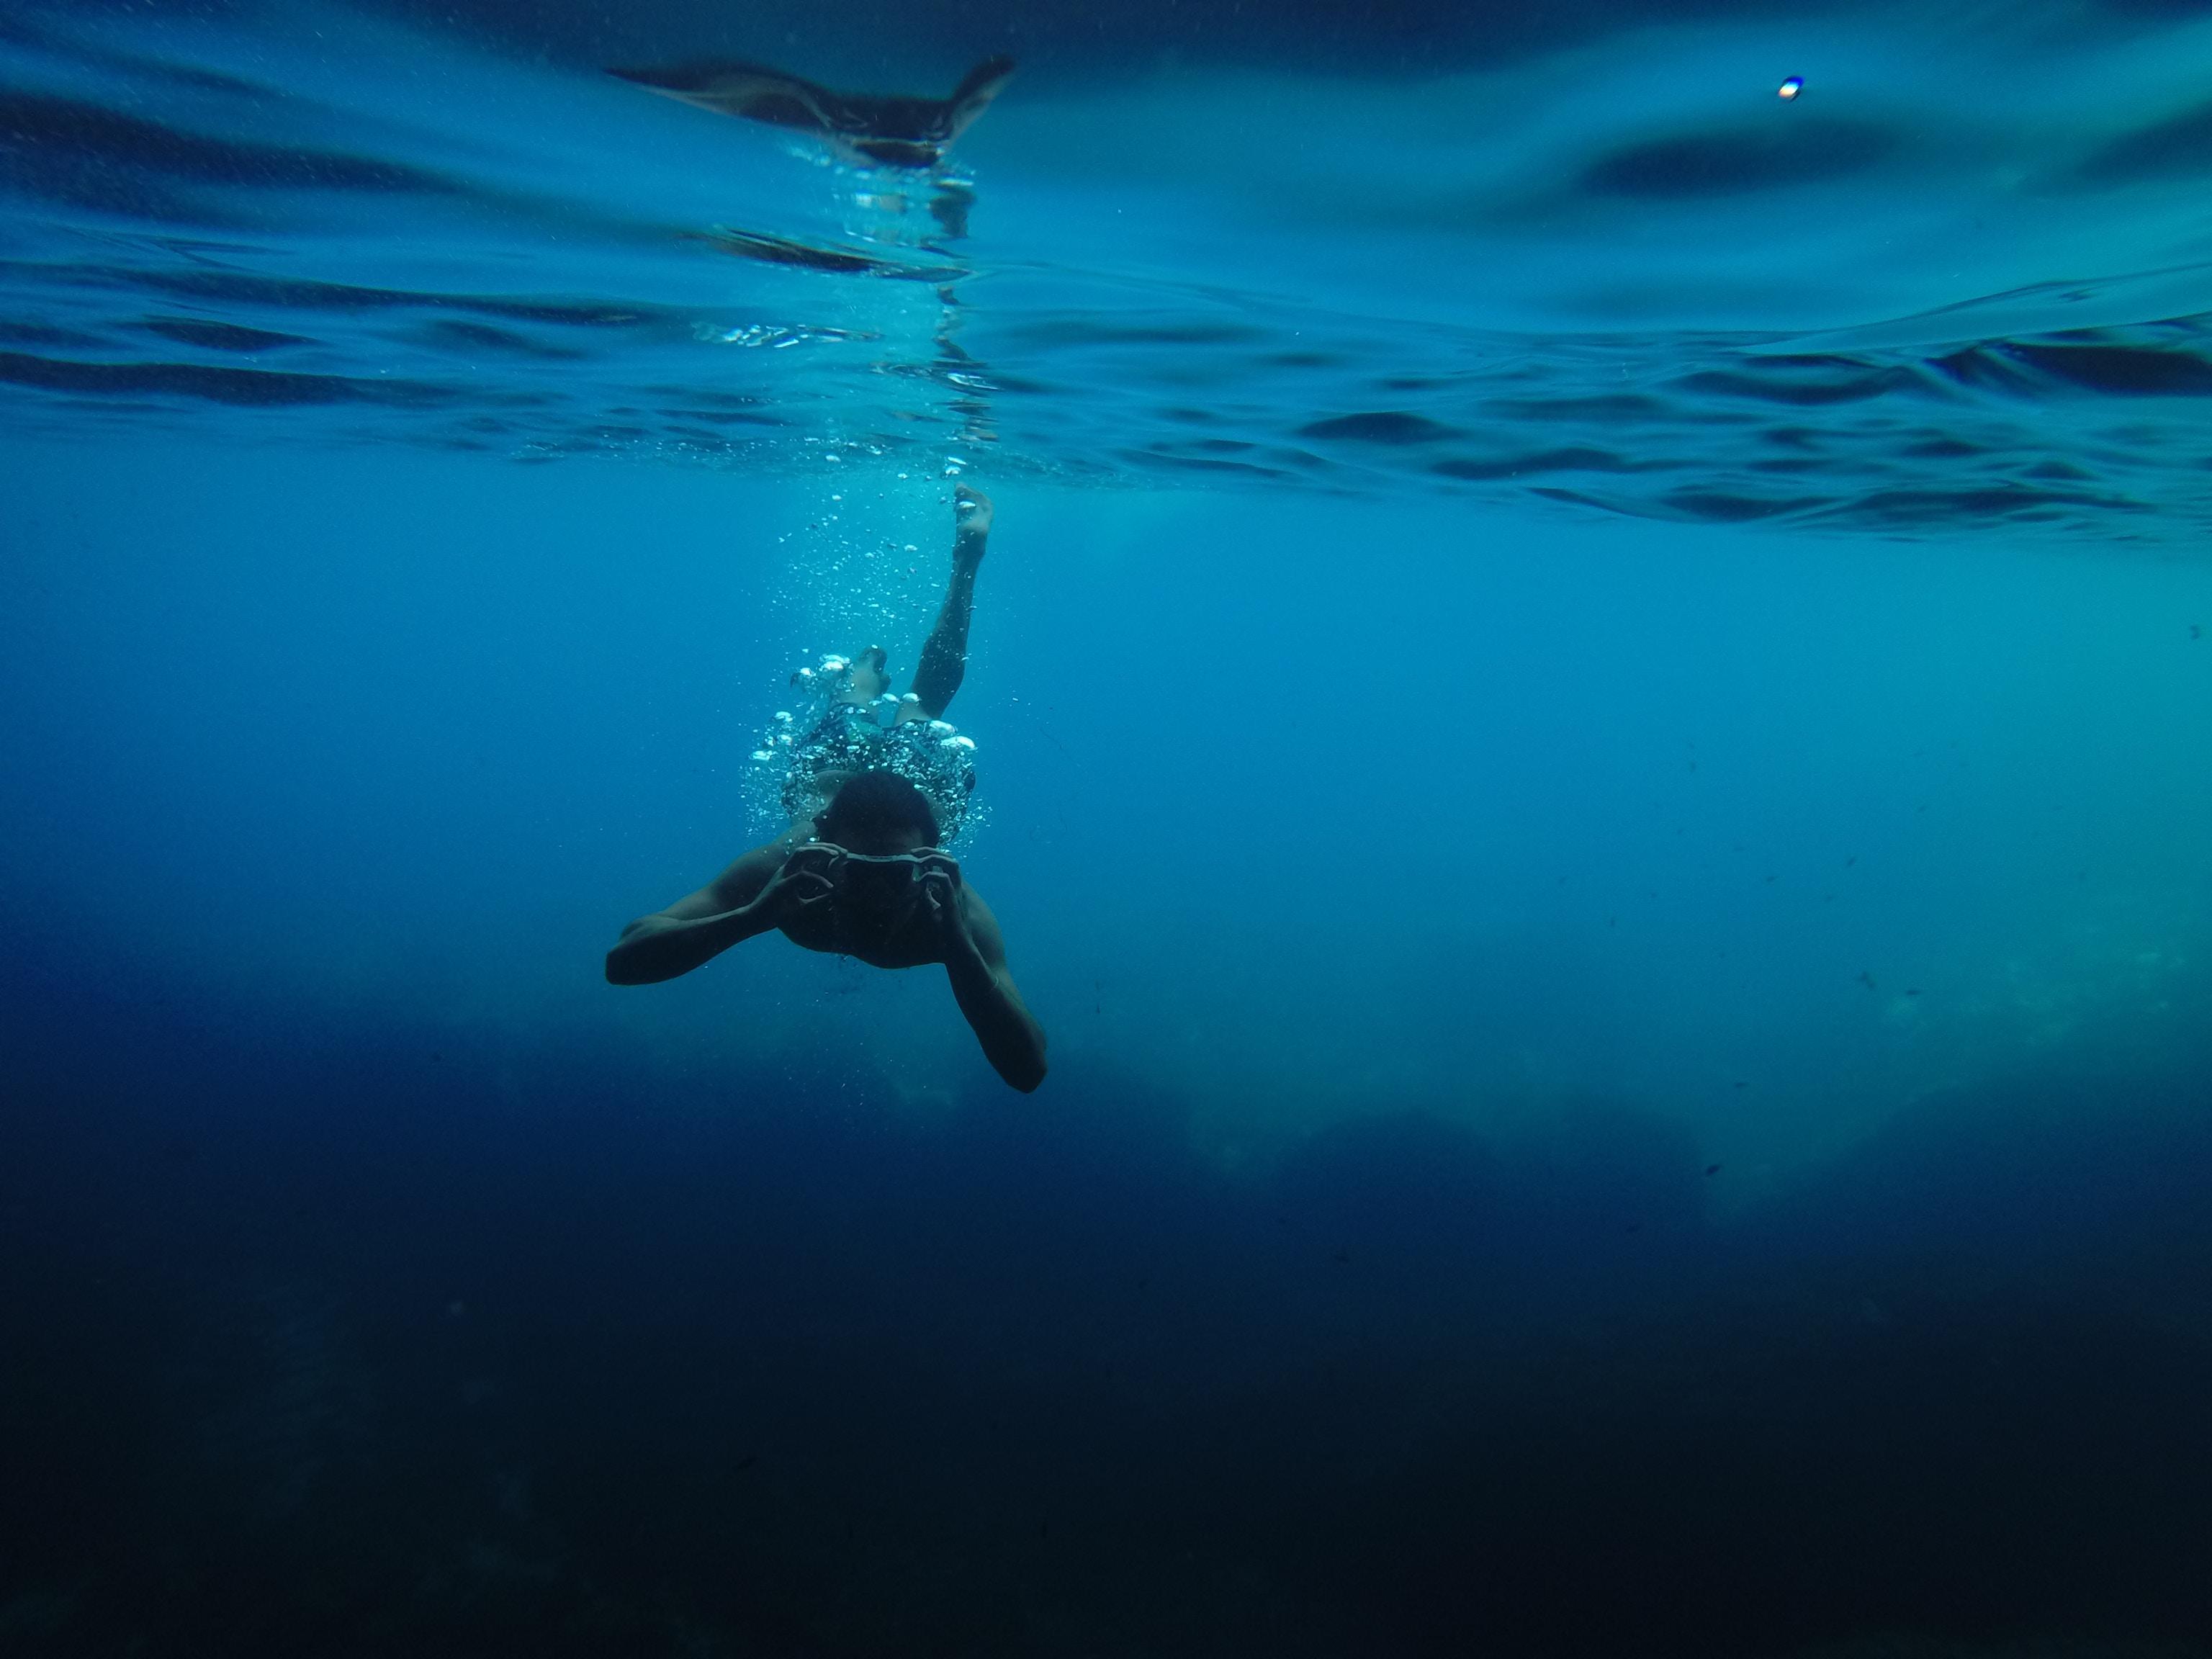 Underwater Hvar
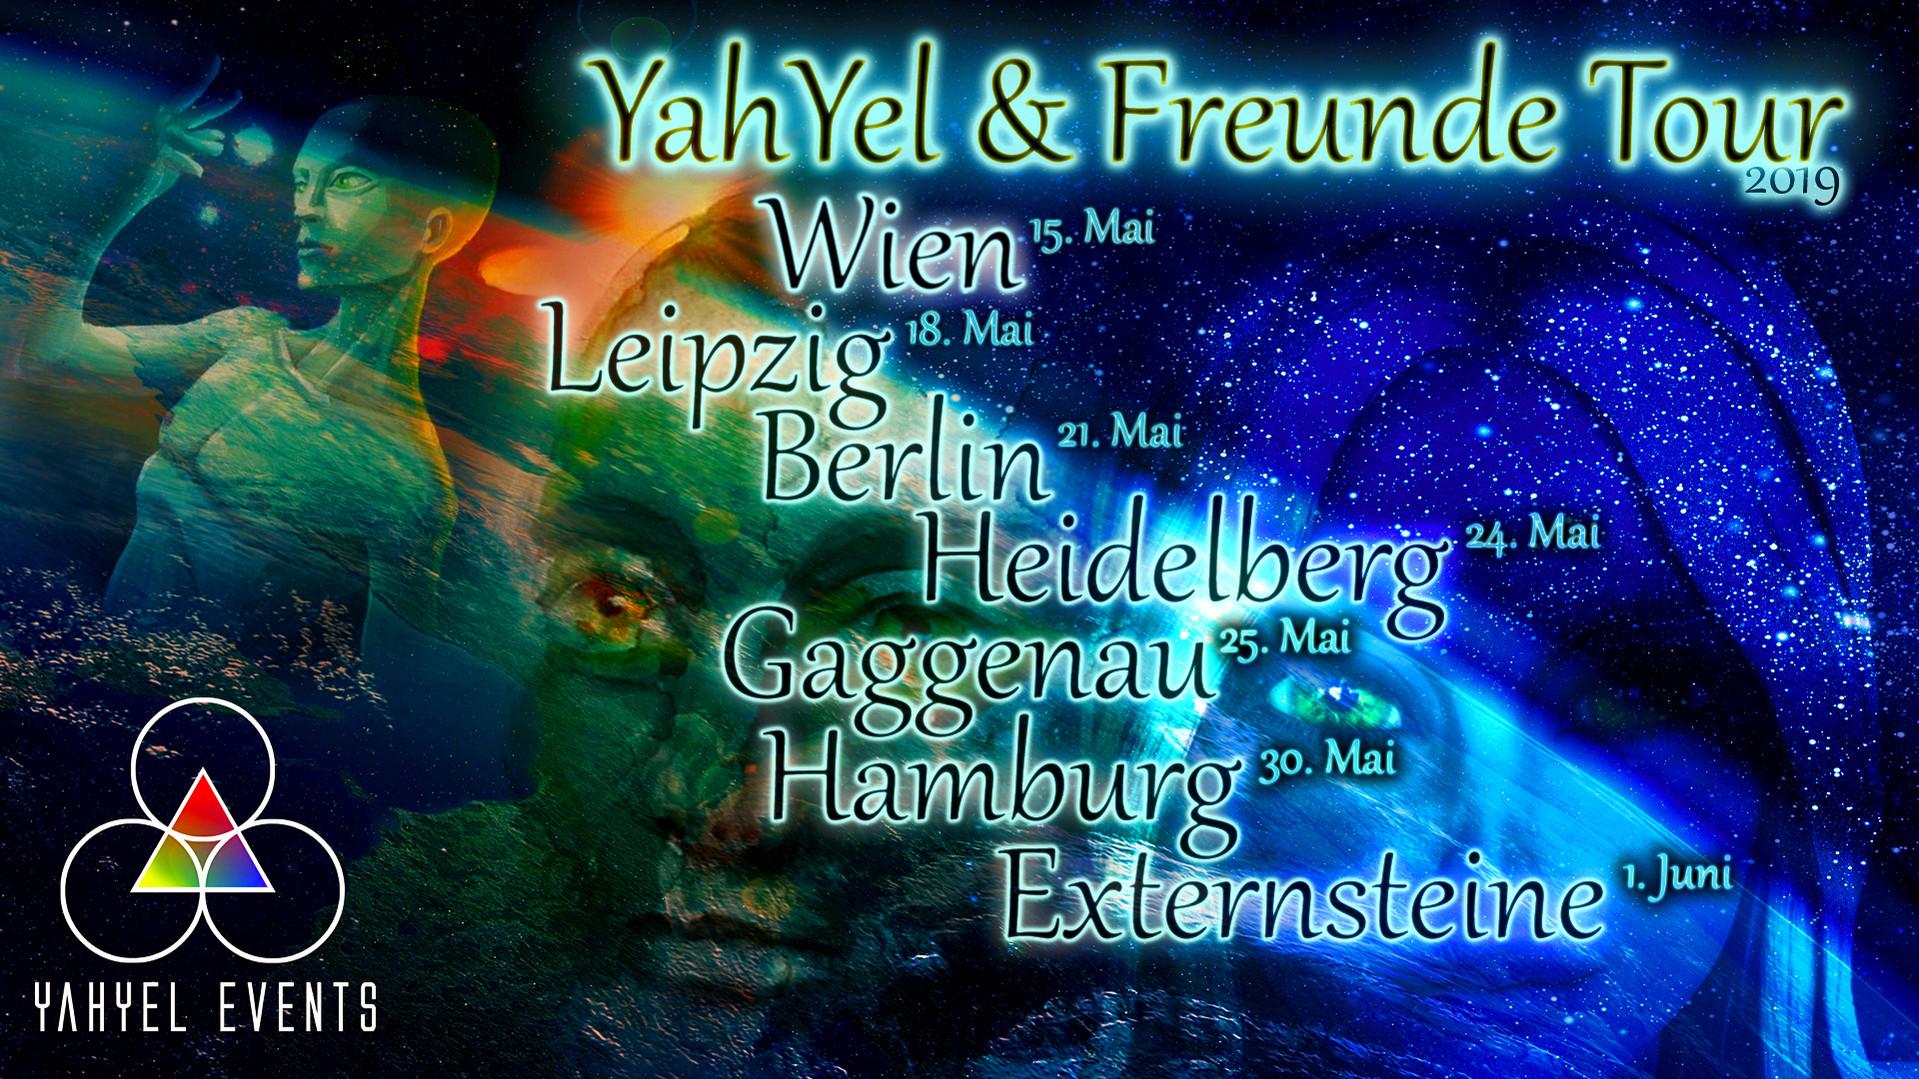 yahyelundfreundetour2019daten2 Kopie2.jp
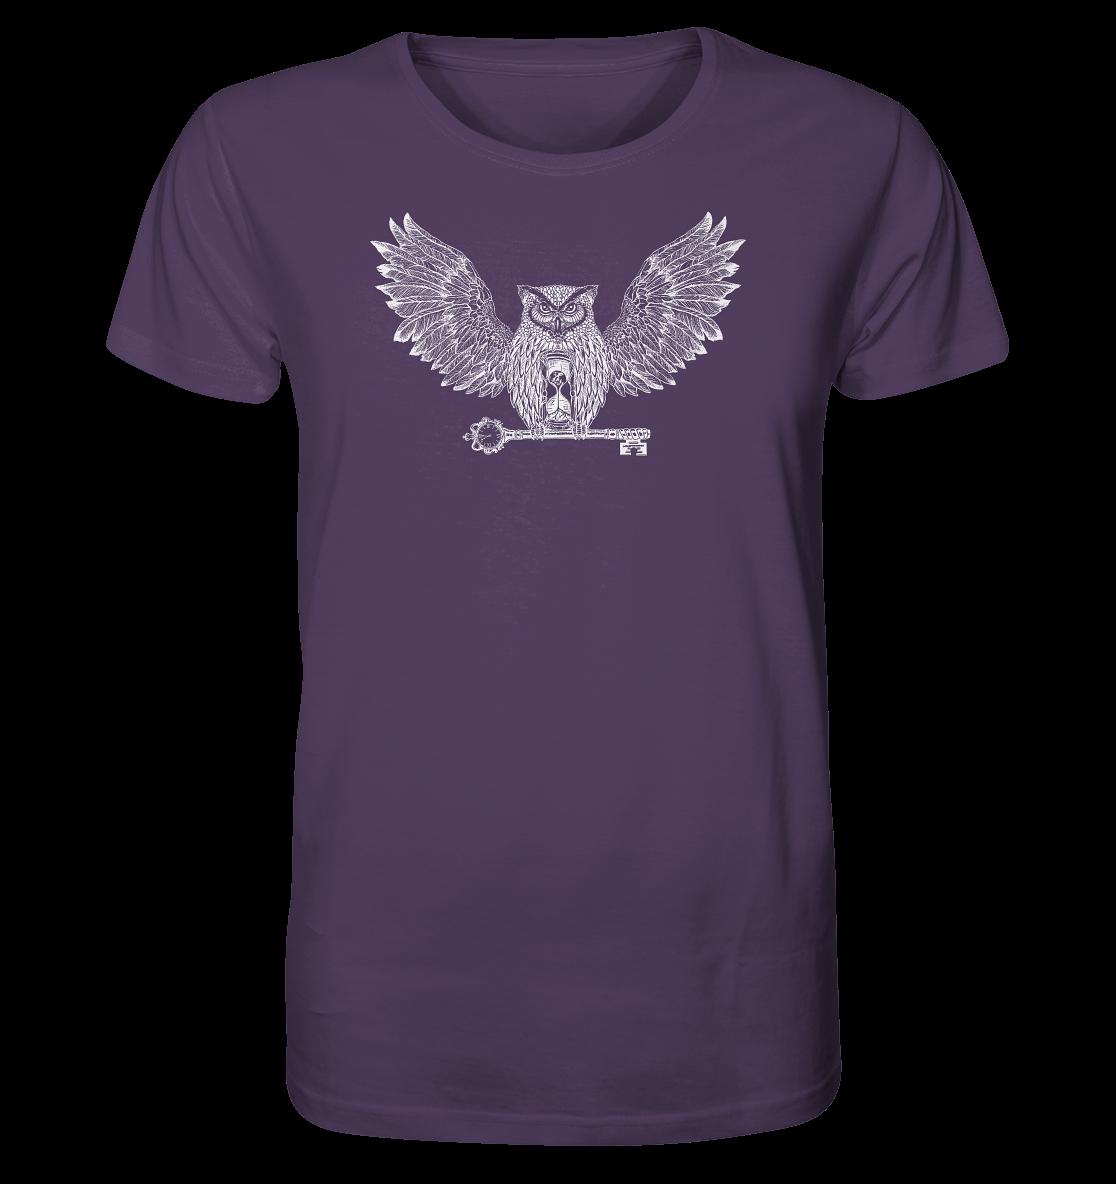 front-organic-shirt-523f5f-1116x-4.png

=-=-=-=-=

### Problem details
Without including any picture, set down every line above exactly as it stands.

### Answer for this exercise
 Underwater Hvar
 yahyelundfreundetour2019daten2 Kopie2.jp
 front-organic-shirt-523f5f-1116x-4.png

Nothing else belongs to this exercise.